It had just sunken in, how people in Prithivi were catching sight of me, increasing their pace a little, and leaving.
“You mean to talk about needing a little craziness?” said Eddy. “Well, I suppose when you, Mr. Wirth, look at people it worries them, that you're looking. Me, I'm not worried. I'm retired. Those others, pah, let them worry. They still have to work! Me, no! Let them worry!”
“They're worried about me, you mean?”
“Sure. You're the Face of Efficiency here in Dometown 26, Mr. Wirth, and sure they have to worry about you looking at them, because they have their jobs and you have yours.”
“You can call me Jay.”
“Sure. I'll try, but it's hard remembering that when you're dealing with the Face of Efficiency. You know what I mean, Mr. Wirth?”
I walked away, thinking of the way Rhoda Davis had left me, earlier in the day, with an insincere smile and frowning eyebrows.

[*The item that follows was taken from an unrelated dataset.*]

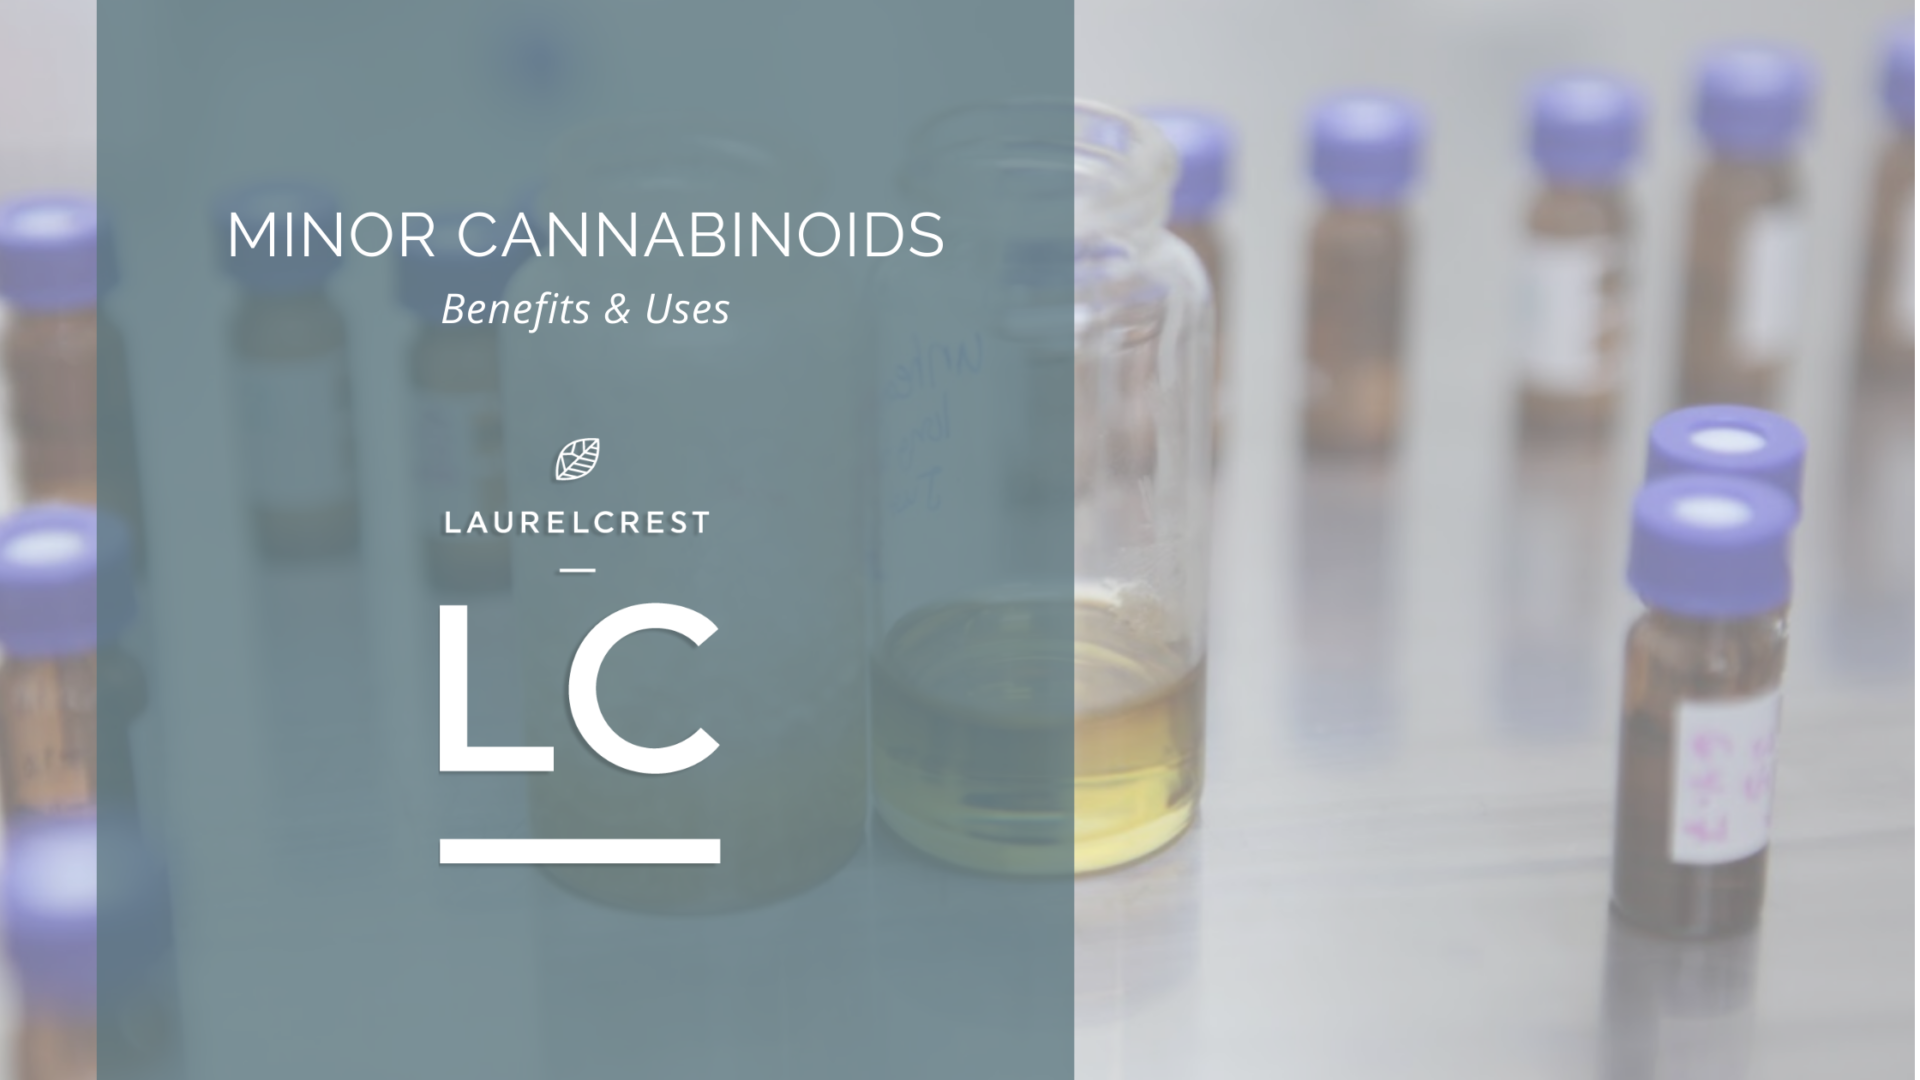 What Can I Expect After Taking Cbc Oil For The First Time - Cbd|Oil|Cbc|Benefits|Effects|Pain|Thc|Products|Health|Study|Cannabinoids|Cannabis|Anxiety|Studies|Hemp|Research|Symptoms|People|Treatment|System|Plant|Body|Inflammation|Product|Evidence|Receptors|Cancer|Side|Effect|Properties|Brain|Dose|Disease|Marijuana|Cannabidiol|Disorders|Cannabinoid|Way|Relief|Cells|Cbd Oil|Cbc Oil|Cbd Products|Side Effects|Endocannabinoid System|Chronic Pain|Cannabis Plant|Pain Relief|Cbd Oil Benefits|Cannabis Oil|Health Benefits|Multiple Sclerosis|Hemp Plant|Anti-Inflammatory Properties|Blood Pressure|Entourage Effect|Neuropathic Pain|Cbd Product|Hemp Oil|Full-Spectrum Cbd Oil|Nervous System|Hemp Seed Oil|High Blood Pressure|Immune System|Cbd Gummies|Cannabis Oil Benefits|Drug Administration|Anxiety Disorders|Dravet Syndrome|Lennox-Gastaut Syndrome

Worry? That could have been in it. In fact, from what I could see, maybe I had gotten this job because no one here wanted it. Had Ron said something to that effect? Who wants to act the heavy? Who wants to crack the whip?

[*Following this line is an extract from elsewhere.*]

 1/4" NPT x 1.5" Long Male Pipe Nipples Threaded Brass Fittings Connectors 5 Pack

For all us bums secretly know we are not really very good at what we do, that we goof off too much, that we fail to get much done. The last thing we want, though, is to be found out. Everyone fears an Efficiency Ogre!
And that ogre was me.
I saw the pattern, now. People came from outside, took this job, became the ogre—and then could take no more. So they got out.
Or else they were too good at being the ogre and got themselves hated—and so were pushed out.
The Ogre of Neuhight! Last thing I wanted!
Because once perceived as an ogre, and forced out ... who would hire the ogre for more pleasant work?
So if I were to mess up in my job, I had best do it in the most easygoing, affable way possible.
The most inefficient way, too, for that matter!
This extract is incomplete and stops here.